Paul Di Filippo Reviews The Fantastic Fiction of Hannes Bok by Hannes Bok
The Fantastic Fiction of Hannes Bok, Hannes Bok (American Fantasy Press 978-0990784678, $45, 448pp, hardcover) March 2020.
As a kid, I used to confuse the artwork of Hannes Bok and Boris Artzybasheff. There’s a surface similarity, but when examined closer, Bok’s paintings and drawings exude a kind of Art Deco romance that Artzybasheff’s more cold and clever and satirical drawings never did. We can tell that one man was a sensitive, whimsical dreamer, and one an acerbic, distanced observer of humanity’s follies. That’s really two ends of the artistic spectrum, no matter a certain resonance of lines and shapes.
Hannes Bok (1914-1964) is certainly not a name on the lips of the average fan of fantastika these days. I just employed my valuable “Ronald Firbank” test on his name. What test is that? You simply google the name of cult writer “Ronald Firbank” and see how many hits he gets that day. That number represents the baseline unit of obscurity. Then check your second candidate’s name, and compare hits. Just now, roughly speaking, Firbank got 50,000 hits and Bok got 100,000. So Bok is not in the absolute bottom tier. But compared even to, say, “Clifford D. Simak” (350,000 hits), he’s low. And ranked against a well-remembered near-contemporary like “Robert E. Howard” (four million hits), he’s off the radar entirely.
And this undeserved obscurity is a shame, for Bok’s beautiful art can still produce awe and admiration.
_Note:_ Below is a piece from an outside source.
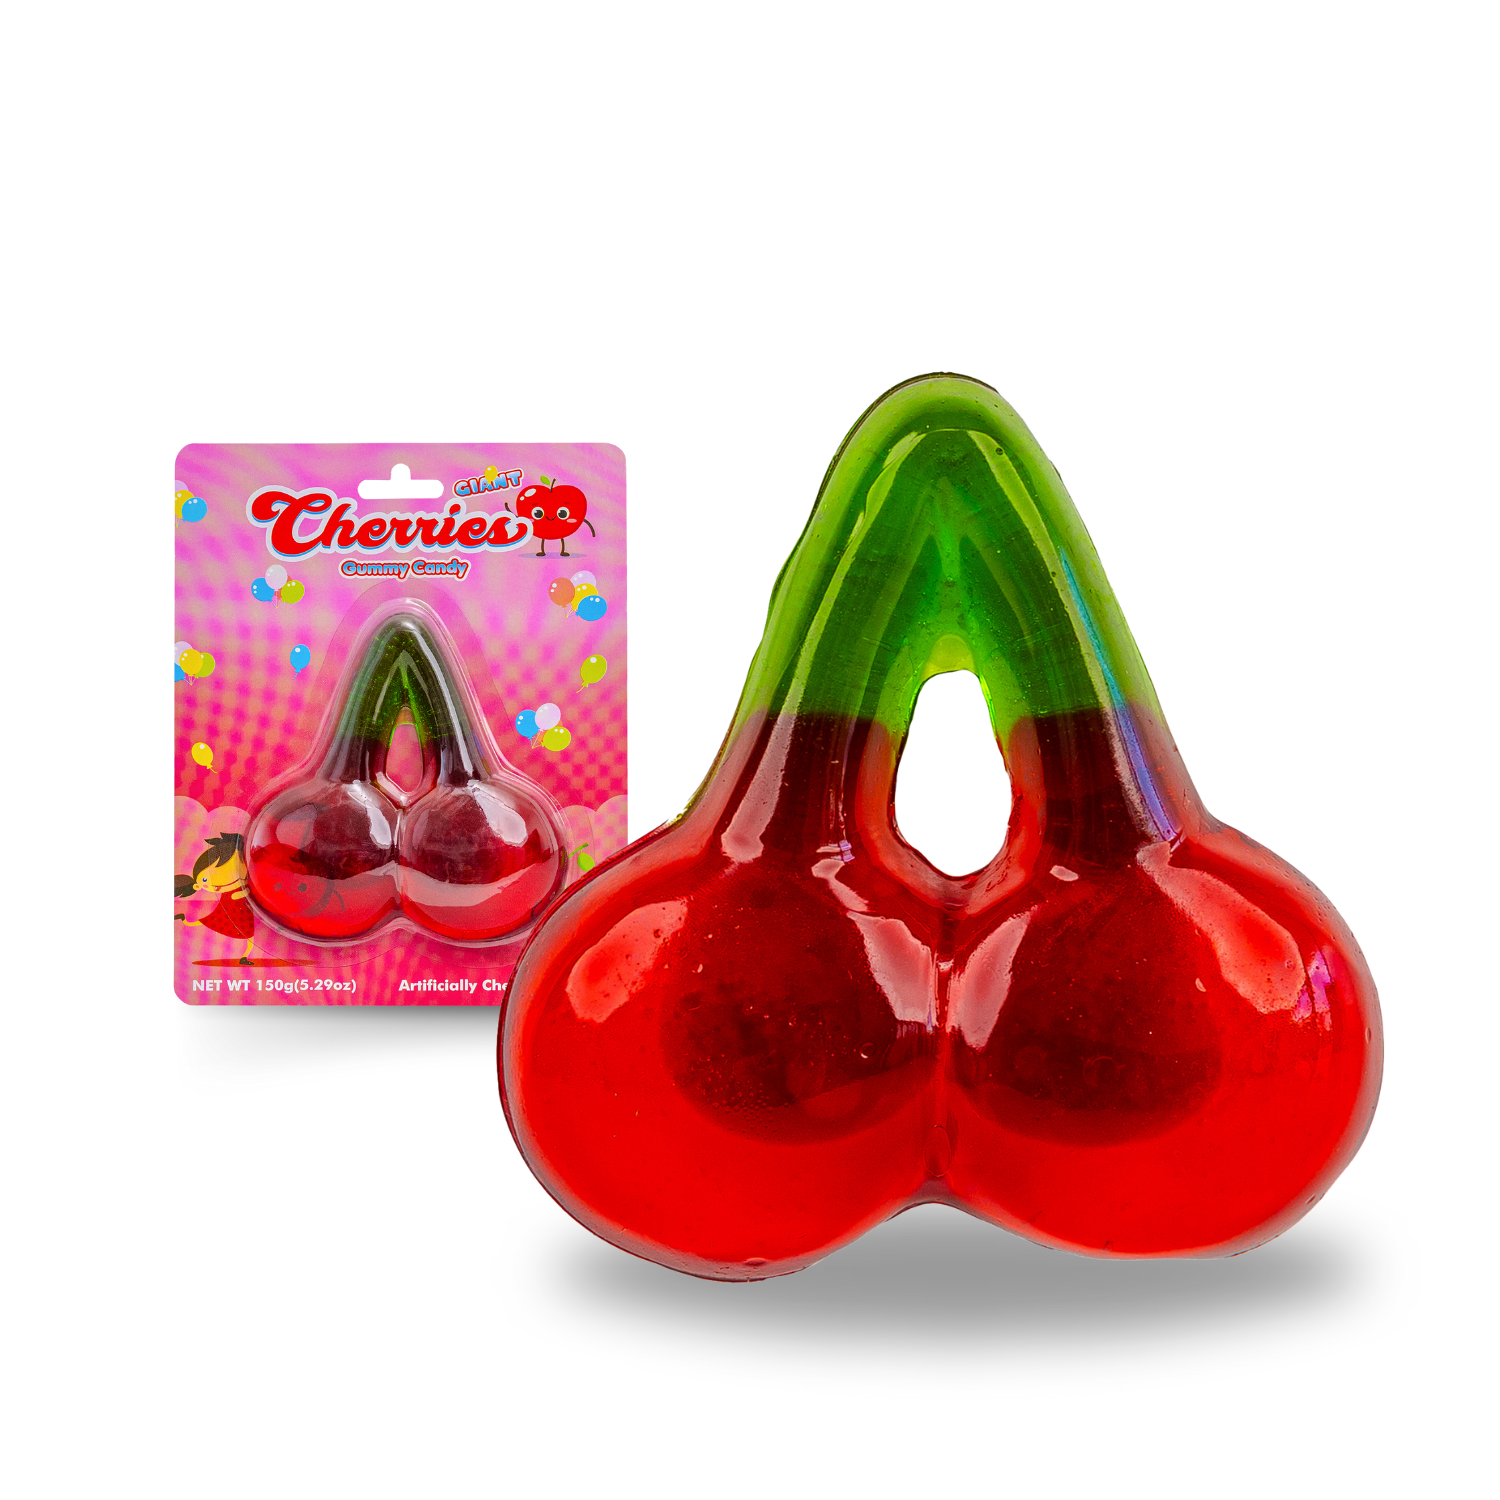 Giant Gummy Cherries - 5oz

And, additionally, so can his writings. For, like surrealist Leonora Carrington, Bok also worked in prose, publishing a modest number of works in his lifetime. Some were reprinted in the famous Ballantine Adult Fantasy line, which is where I first encountered them.
Now readers in 2020 have a chance to get acquainted or reacquainted with Bok’s fiction, thanks to Robert Garcia and his crew at American Fantasy Press, who have produced an extremely handsome omnibus, replete with some of Bok’s own drawings.
We open the book to a very affectionate and appreciative introduction by Charles de Lint. This is followed by the original introduction from editor Lin Carter that accompanied the Ballantine release of The Sorcerer’s Ship. Carter’s text offers valuable firsthand recollections of Bok, and some nice historical framing for the tale to come. This is actually Bok’s second novel, but it’s good to lead with it, since it’s a superior accomplishment, a classic portal fantasy that should win over readers. (And collectors please note: this is the first hardcover incarnation for this title!)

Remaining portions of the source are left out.